One of the proposed mechanisms for the association between vitamin D and some metabolic disorders is its postulated effect on the blood lipid profiles. However, there is no consensus in the literature for such relationship 10,13,14. It has been pointed out that with increasing 25 (OH) D levels, a decrease in body mass index (BMI) happens. BMI is associated with lipid profile 10,15. About 12-15% of studies in one meta-analysis have pointed to an inverse relationship between triglycerides (TG) and serum levels of 25 (OH) D 16. In addition, there are studies that have shown a positive correlation between vitamin D status and high-density lipoprotein (HDL) while reporting the inverse association of vitamin D status with low-density lipoprotein (LDL) 16,17,18-19. Moreover, the results from previous studies have shown a seasonal variation in concentrations of thyroid stimulating hormone (TSH) like vitamin D, which provides evidence for the link between vitamin D and serum TSH levels for changes in lipid profiles, since such seasonal variations have been previously reported for vitamin D 20,21,22.

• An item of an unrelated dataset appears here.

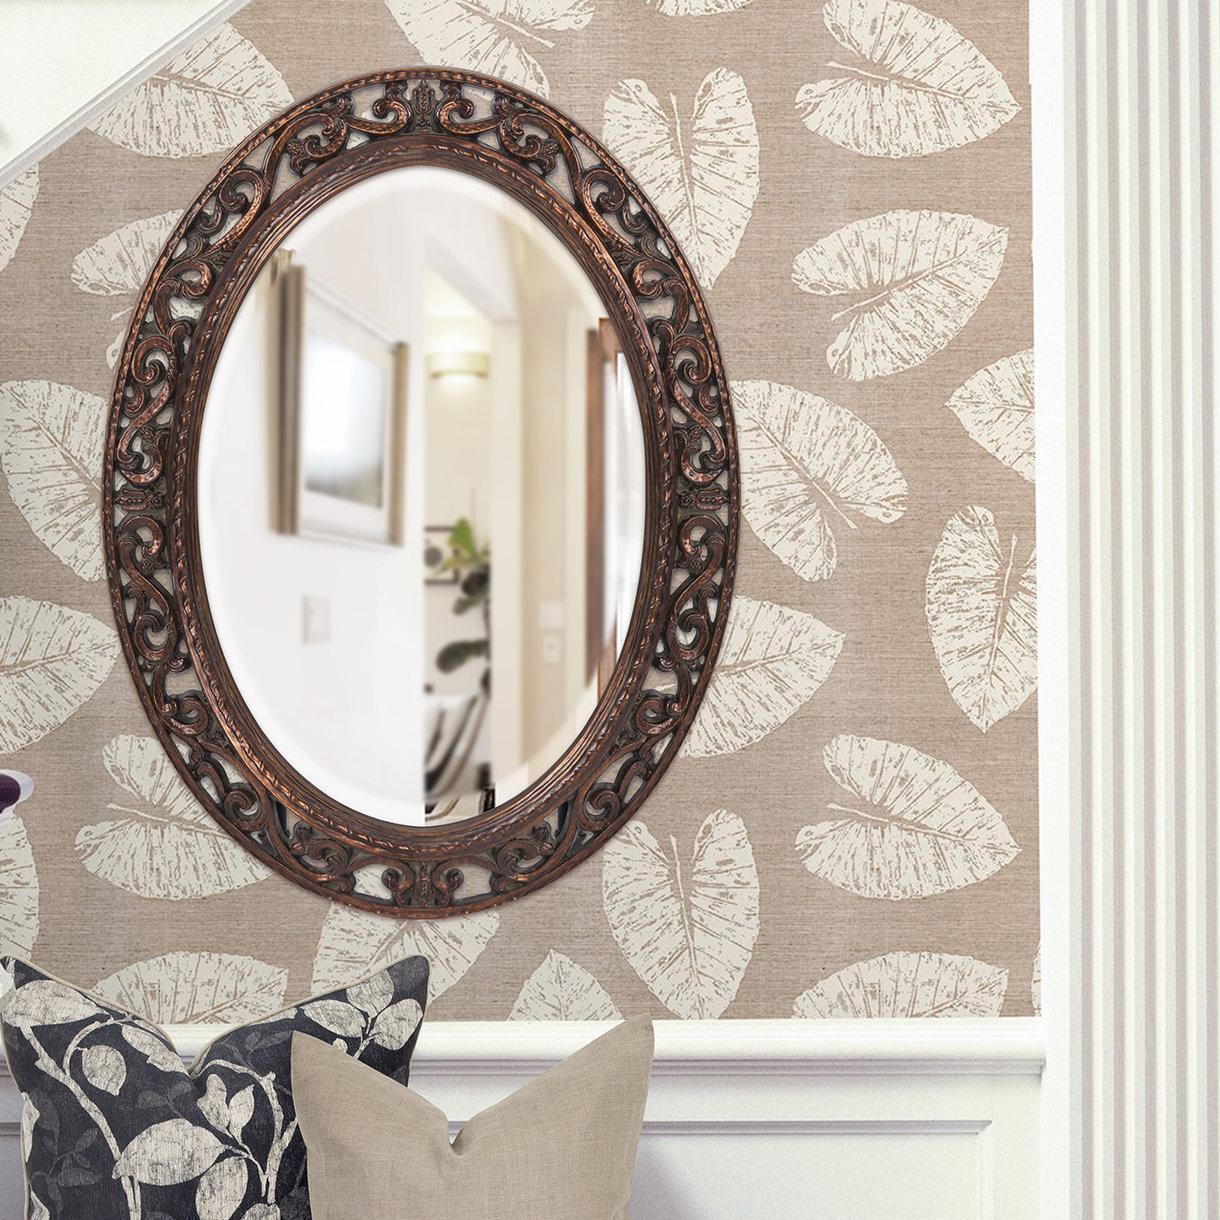 Antique Bronze Accent Mirror | Wayfair In Brynn Accent Mirrors (View 21 of 30)

To date, few attempts had been made to assess the relationship between the level of vitamin D in subjects with sedentary lifestyle behaviors and thyroid hormones, followed by changes in blood lipid profiles and their health risks. This study was aimed to investigate the relationship between serum vitamin D levels and circulating thyroid stimulating hormones, blood sugar, and lipid profiles among a sample of sedentary staff.
MATERIALS AND METHODS
PARTICIPANTS
The study population in this cross-sectional study consisted of 300 healthy staff aged 18-65 years with a sedentary lifestyle pattern from two different institutions (Development Bank and Institute for the Intellectual Development of Children and Young Adults), who were selected via random sampling. Among these participants, eligible individuals who were not pregnant, lactating or taking drugs that affect the lipid profile, calcium and bone metabolism were recruited. Individuals lacking chronic disorders such as liver and kidney insufficiencies, endocrinology disorders, anticonvulsive drug users, vitamin D, and calcium supplement users. All subjects were recruited during the winter of 2015. Anthropometric data including weight and height were obtained using a Seca(r) scale (Seca(r) 725; GmbH & Co., Hamburg, Germany) with a stadiometer, with participants wearing light clothes and no shoes. Weight and height were measured to the nearest 100 g and 0.5 cm, respectively. BMI was calculated.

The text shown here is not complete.